Die meisten kriegerischen Konflikte der Neuzeit führen das Kriegsvölkerrecht ad absurdum. Es wird von den militärisch überlegenden Staaten benutzt, um die legitimen Rechte der unterdrückten Bevölkerungen moralisch zu diskreditieren. Die werden durch ihre Ohnmacht in eine hässliche Kriegführung gezwungen. Wenn es den eigenen Interessen dient, werden sie als Freiheitskämpfer unterstützt, wenn es gegen die eigenen Interessen geht, werden sie als Terroristen gebrandmarkt. Im Kampf gegen die sowjetische Besatzung Afghanistans hatte man Osama bin Laden unterstützt und später zum Weltfeind Nr. 1 erklärt.
Im Übrigen sitzen die scheinbar moralisch Überlegenden im Glashaus und werfen mit Steinen. Ihre Verletzungen des Kriegsvölkerrechts werden durch ihre Juristen und Kriegshistoriker „gerade gebügelt“. Ein Beispiel: Als während des zweite Weltkriegs bei den Vorbereitungen zu einem Massenangriff von Bombenflugzeugen auf Öllager am Stadtrand von Berlin der verantwortliche US General Spaatz von seinen Kommandeuren gefragt wurde, was das Ausweichziel sei, wenn Wolken die freie Sicht auf das Zielgebiet verhindern, hat der geantwortet: Downtown Berlin (das Stadtzentrum!) Im Angesicht von Ohnmacht greifen sie alle zum Terror. Der militärisch Mächtige bestimmt, was rechtens ist. Wer anderen ihre Verfehlungen vor Augen führen will, sollte zuerst bei sich selbst hinschauen.

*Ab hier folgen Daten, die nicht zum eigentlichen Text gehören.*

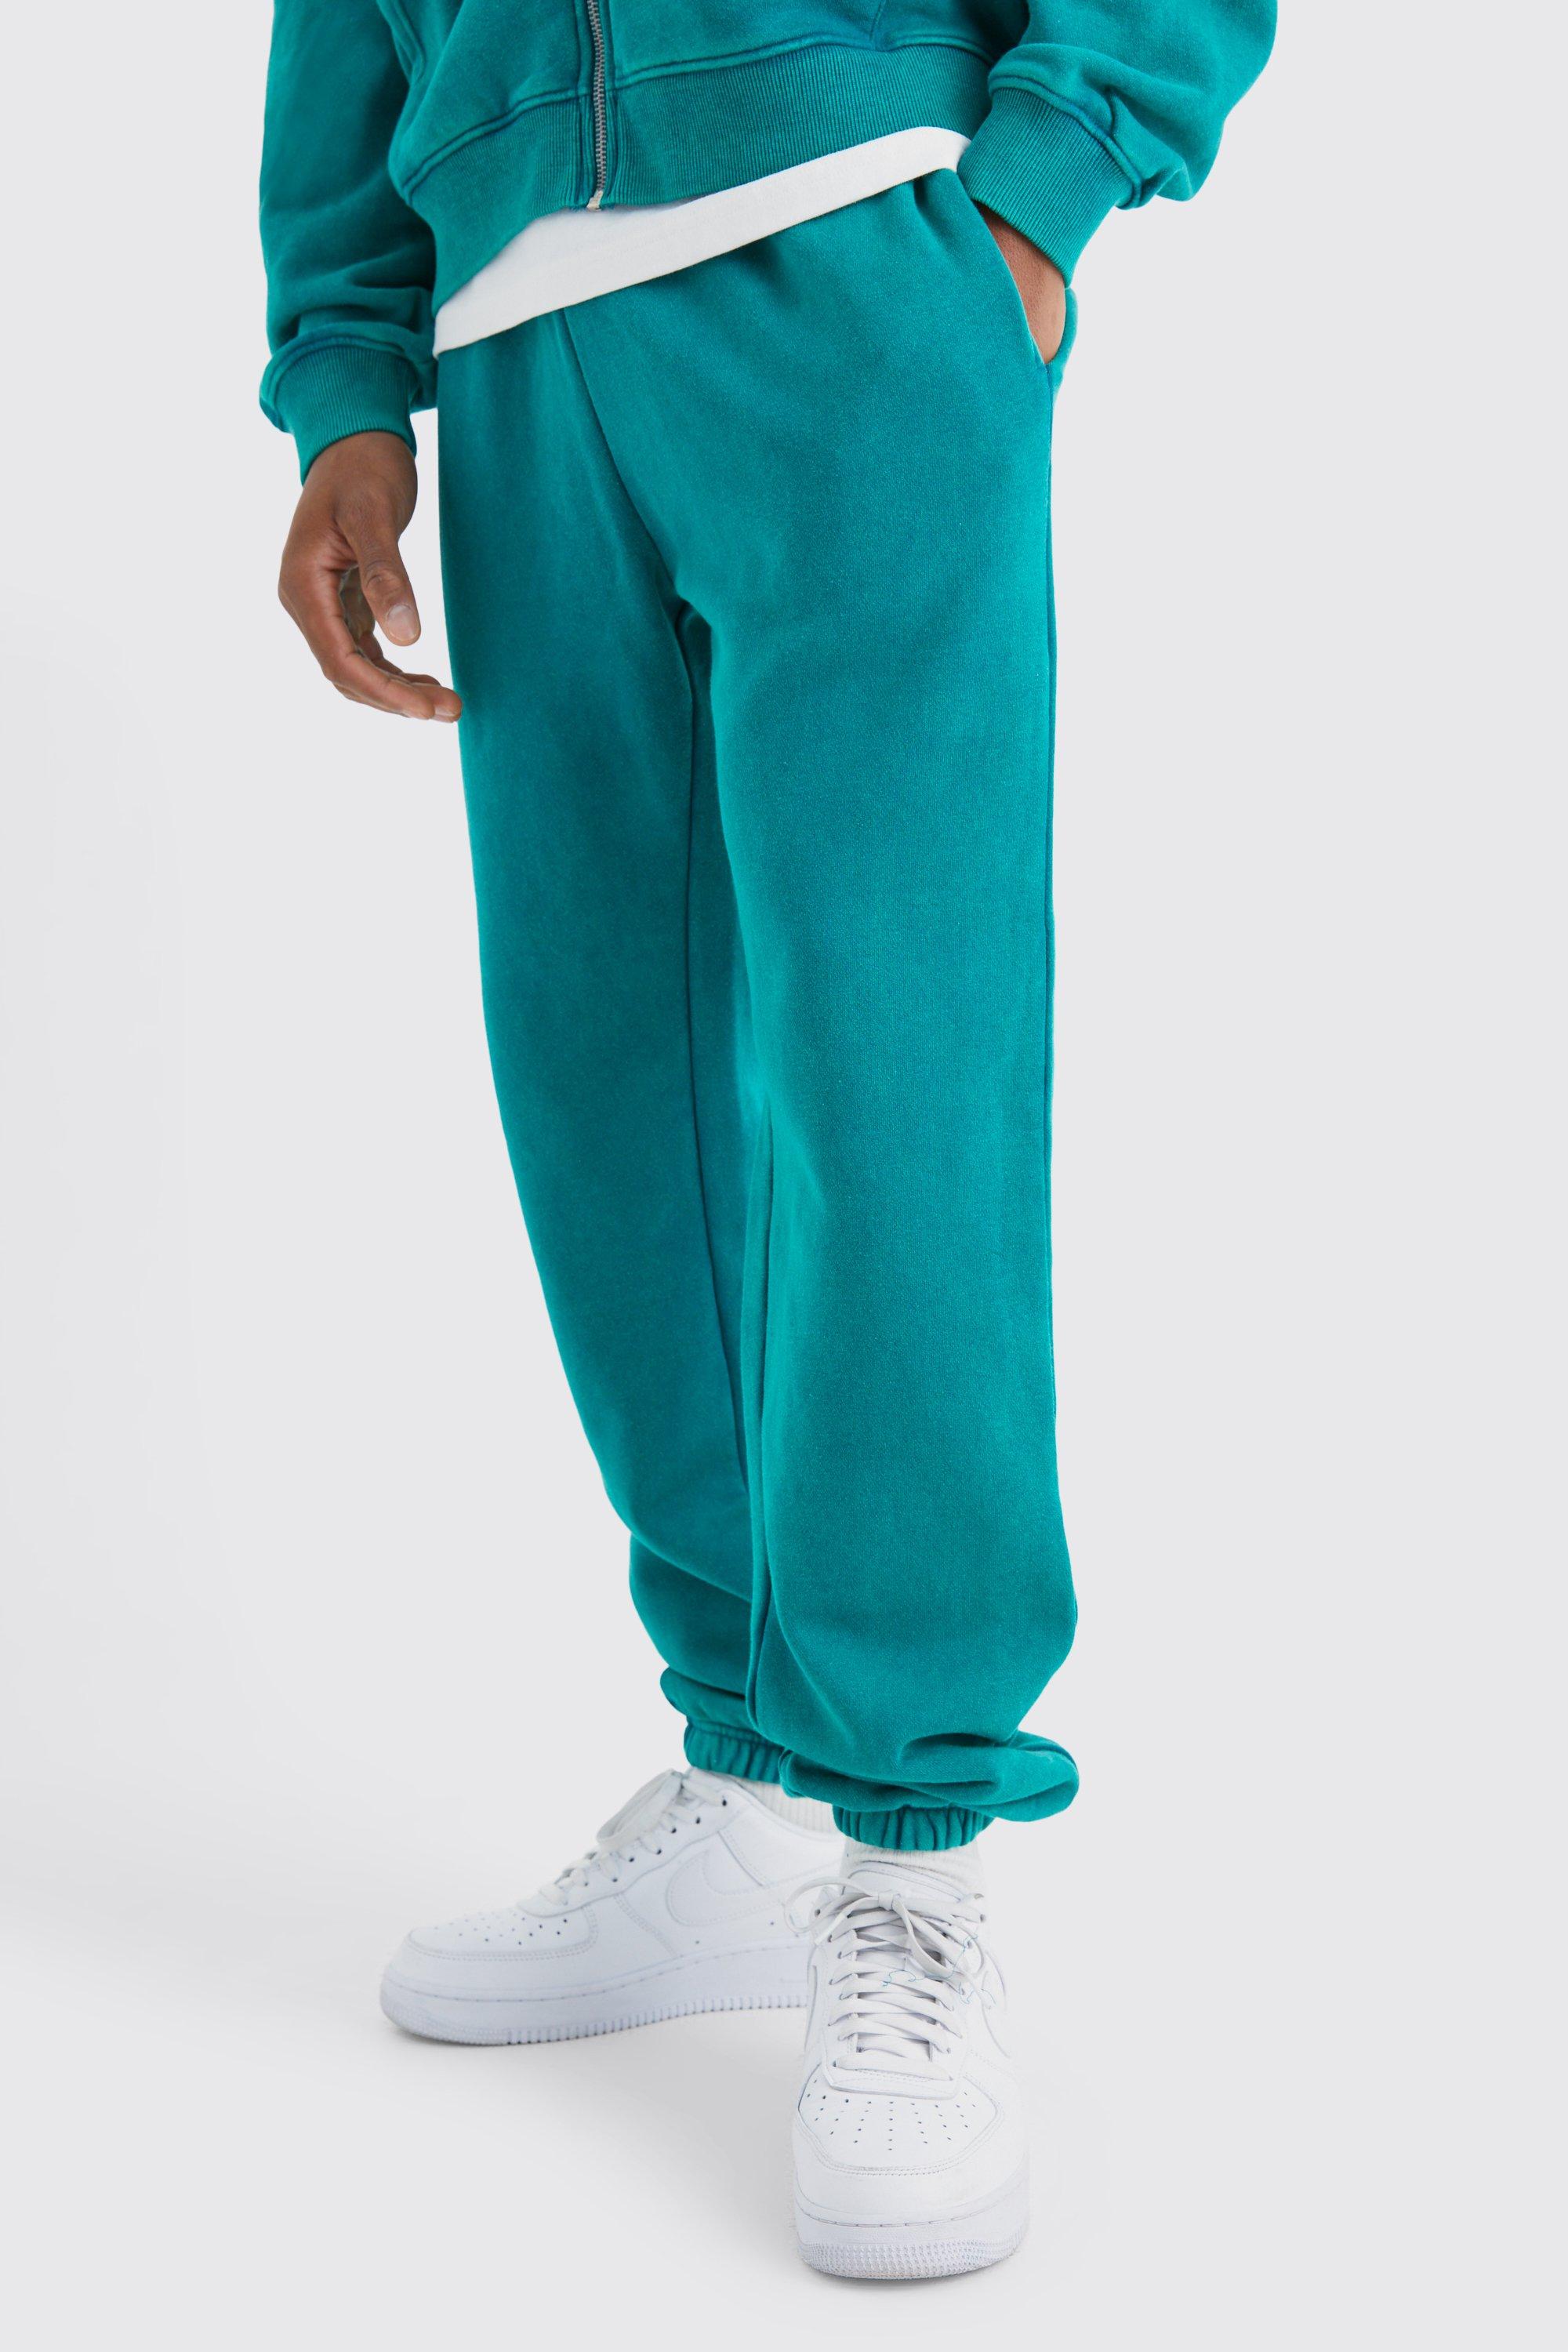 Image of Pantaloni tuta Core Fit slavati, Verde

Am Ende bleibt nur noch das Gewissen des Einzelnen. Es ist latent da und wird doch immer wieder nach Interessenlage diskreditiert. Ich würde mir wünschen, dass es zur bestimmenden Größe aller Politik wird, die das Wohl aller Menschen zum Ziel hat. Das Einstehen für die Existenz des Staates Israel und das Anmahnen des Rechts der Palästinenser auf menschenwürdige Selbstbestimmung in einem souveränen Staat ist kein Widerspruch. Der Weg dorthin kann nur über die kompromisslose Verurteilung aller Gewalt gehen (Herr Bundeskanzler!).